Financial markets across Asia-Pacific plummeted while global oil benchmarks skyrocketed beyond $114 per barrel on Monday, as escalating military actions between the US-Israel coalition and Iran triggered severe supply disruption fears through the critical Strait of Hormuz.

The weekend witnessed intensified airstrikes targeting Iranian energy infrastructure, including key oil depots, coinciding with Iran’s announcement of Mojtaba Khamenei as successor to his father Ali Khamenei as Supreme Leader—solidifying hardliner control amid the ongoing conflict.

Brent crude futures surged 24% to $114.74, while Nymex light sweet crude jumped over 26% to $114.78 during Asian trading hours. Equity markets mirrored the panic: Japan’s Nikkei 225 collapsed 7%, South Korea’s Kospi triggered circuit breakers after plunging 8%, while Hong Kong’s Hang Seng and Australia’s ASX 200 dropped over 3% and 4% respectively.

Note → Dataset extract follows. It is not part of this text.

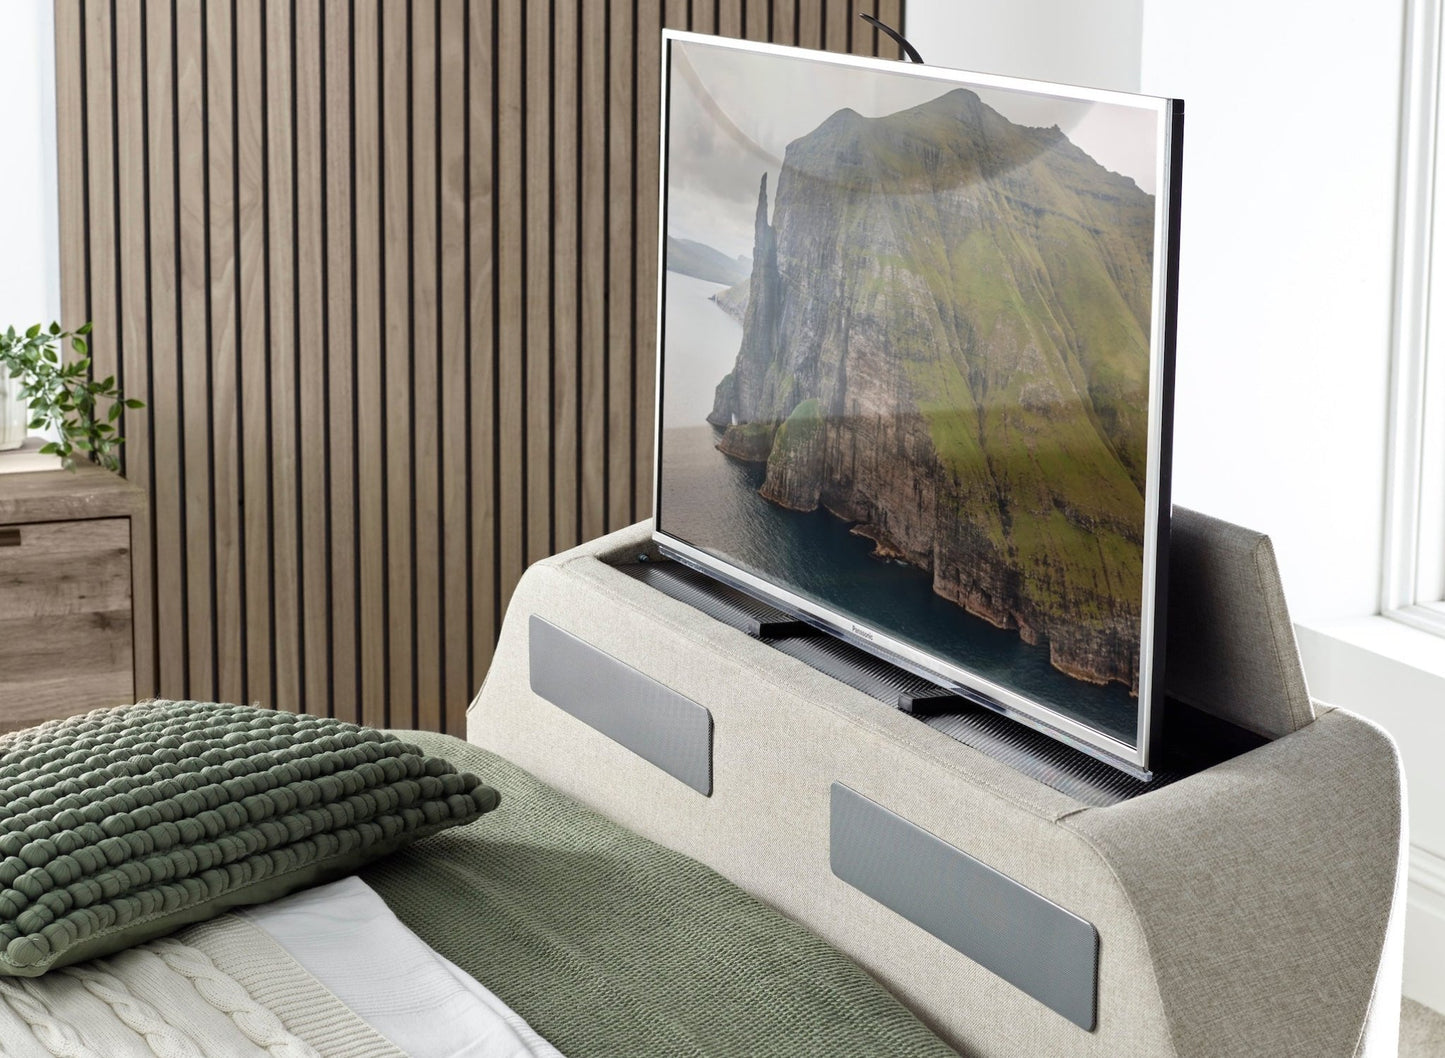 Titan 4.1 Multi Media Ottoman Storage TV Bed - King size in Oatmeal - TV Beds Northwest - TOT150OA - kaydian - kingsizetvbed
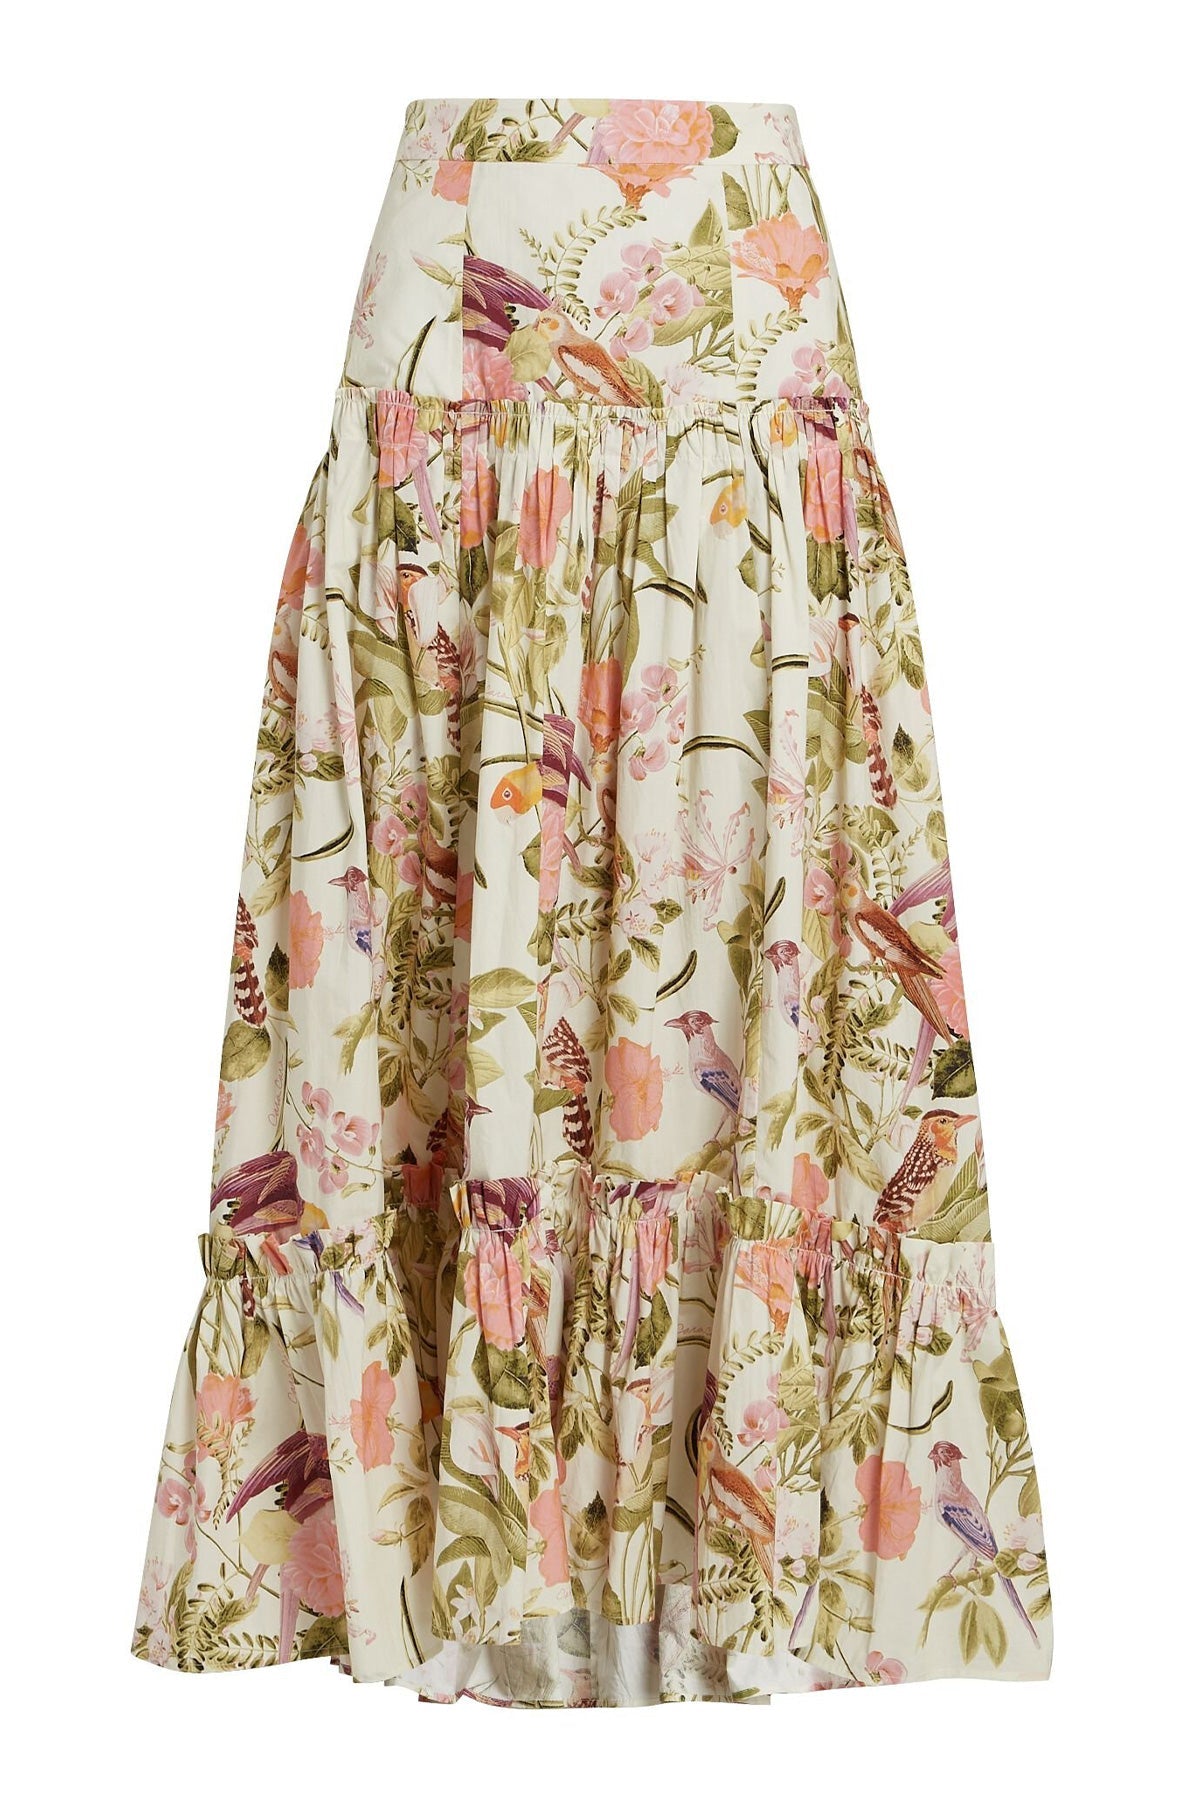 Tisbury Skirt in Tropical Birds Ivory - shop-olivia.com

The crisis stems from the effective closure of the Strait of Hormuz—a maritime chokpoint typically handling 20% of global oil shipments—where transit has virtually ceased since hostilities commenced last week. Energy analysts now warn that prolonged disruption could drive prices toward historic highs exceeding $150 per barrel if the situation persists through March.

Adnan Mazarei of the Peterson Institute for International Economics noted, ‘Markets are realizing this conflict won’t resolve quickly. Production halts in Gulf states and escalating infrastructure damage suggest sustained supply constraints.’ The price surge is already radiating through energy derivatives, elevating jet fuel and fertilizer production costs globally.

While Asian nations consume most Gulf oil exports, early indications show redirected LNG tankers from the Atlantic toward Asia as buyers scramble for alternatives. US President Donald Trump defended the price increases as a ‘small price to pay’ for addressing Iran’s nuclear ambitions, though domestic pressure mounts over rising fuel costs.